The first question to ask is simple enough: how many foreign exchange crises were experienced in this time period? For our purposes, we will define a foreign exchange crisis as any time a currency fell by 15% or more in a single year. Here are the number of such crises in every year since 2008.
The next feature we want to explore is whether these crises were resolved or not. A foreign exchange crisis is – in developing countries at least – accompanied by a sharp rise in interest rates. Central banks often do this because the foreign exchange collapse triggers inflation. The policy has the additional benefit – although I would say the primary benefit – of attracting foreign capital to prop up the exchange rate.
In a country that gets its foreign exchange crisis under control, this interest hike should be a temporary phenomenon. After a year or two, the currency should stabilise and inflation should fall. The interest rate can then be lowered to allow domestic economic activity to pick back up at the new equilibrium exchange rate.
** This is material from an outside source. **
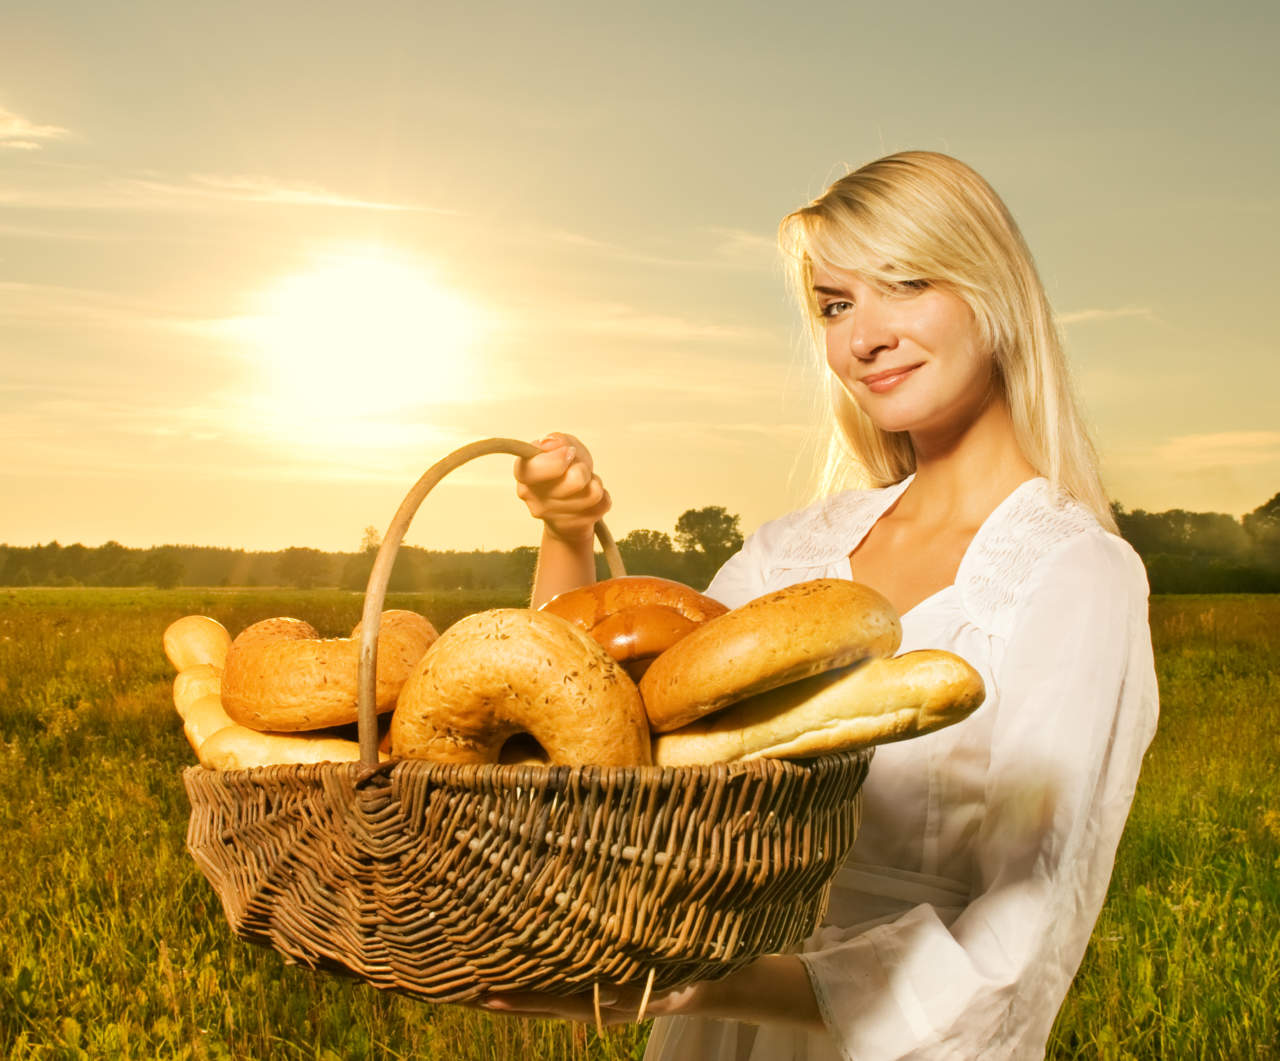 Баба булочка. Корзинка для хлеба. Девушка с хлебом. Булочки девушек. Женщина с корзинкой хлеба.
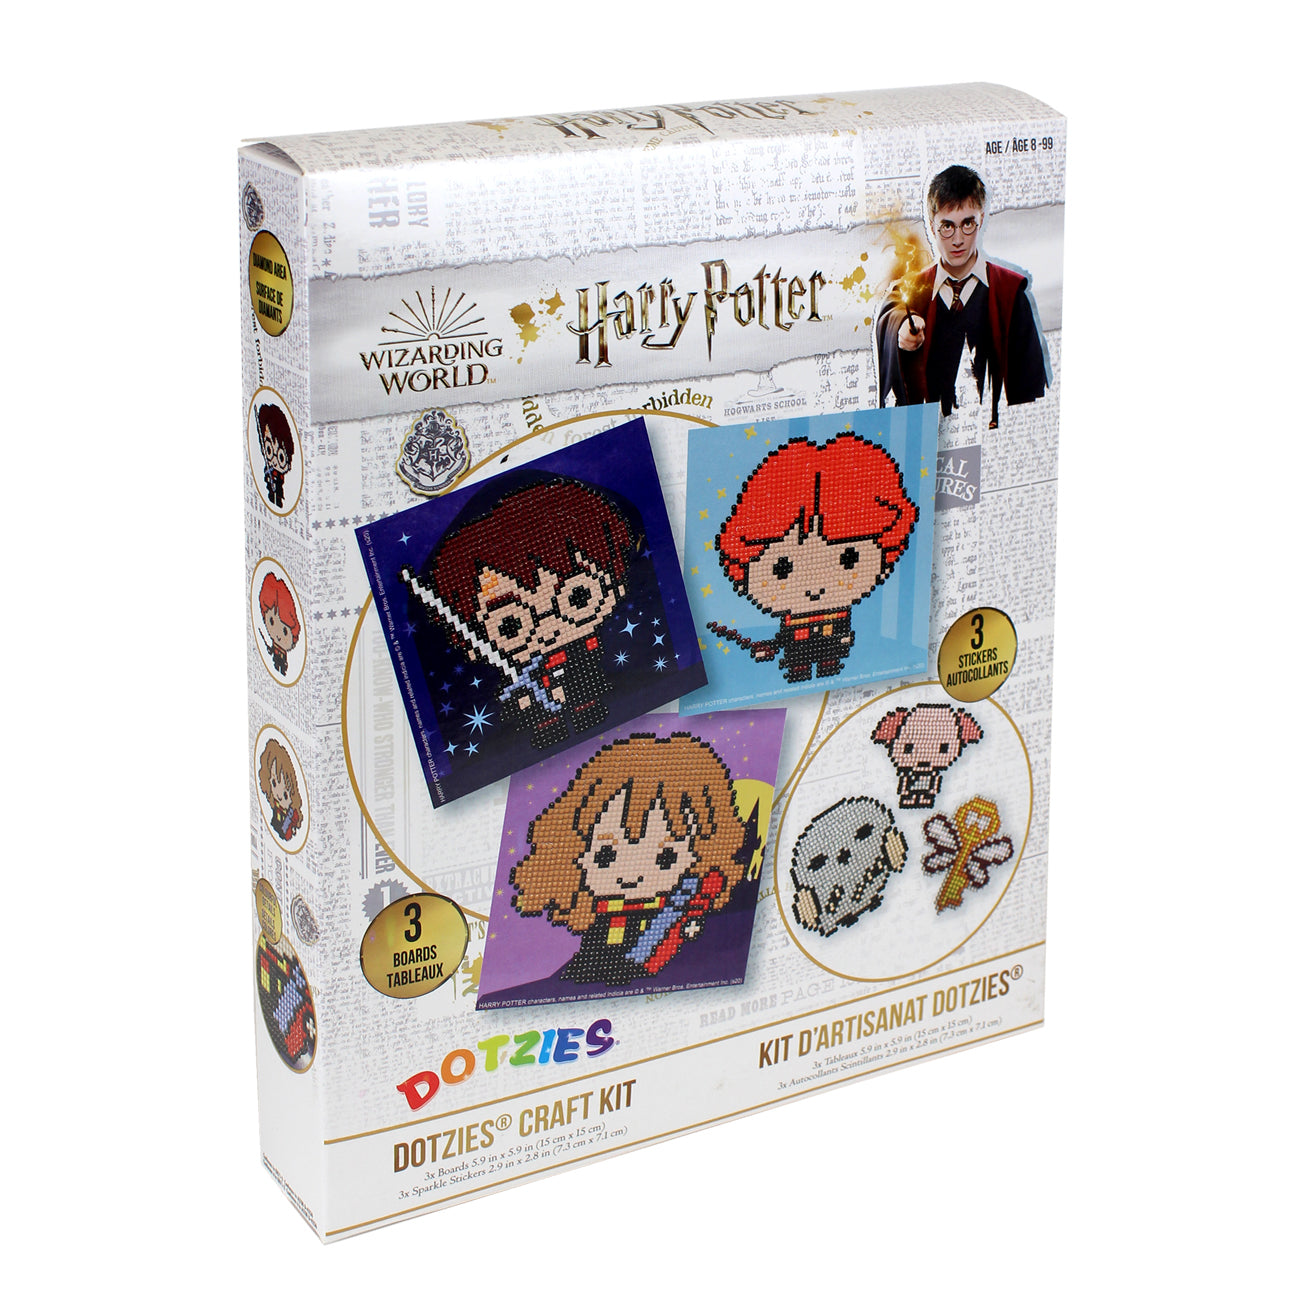 Harry Potter Dotzies Craft Kit

To detect this we will take each foreign exchange crisis and see by how much interest rates fell two years after this crisis. So, a strong positive reading indicates that the crisis was resolved and interest rates fell over the next two years. While a strong negative reading indicates that the crisis worsened and the country had to keep raising interest rates to get the currency and inflation under control.
We can also plot the number of succesful resolutions by year. We define this as any country that saw interest rates decline by 300bps in the subsequent two year period.
This is a very different looking chart to the overall number of exchange rate crises. Between 2008 and 2018 there were a total of 125 exchange rate crises using our definitions. In this time period only 22 of them were resolved in a resoundingly successful way.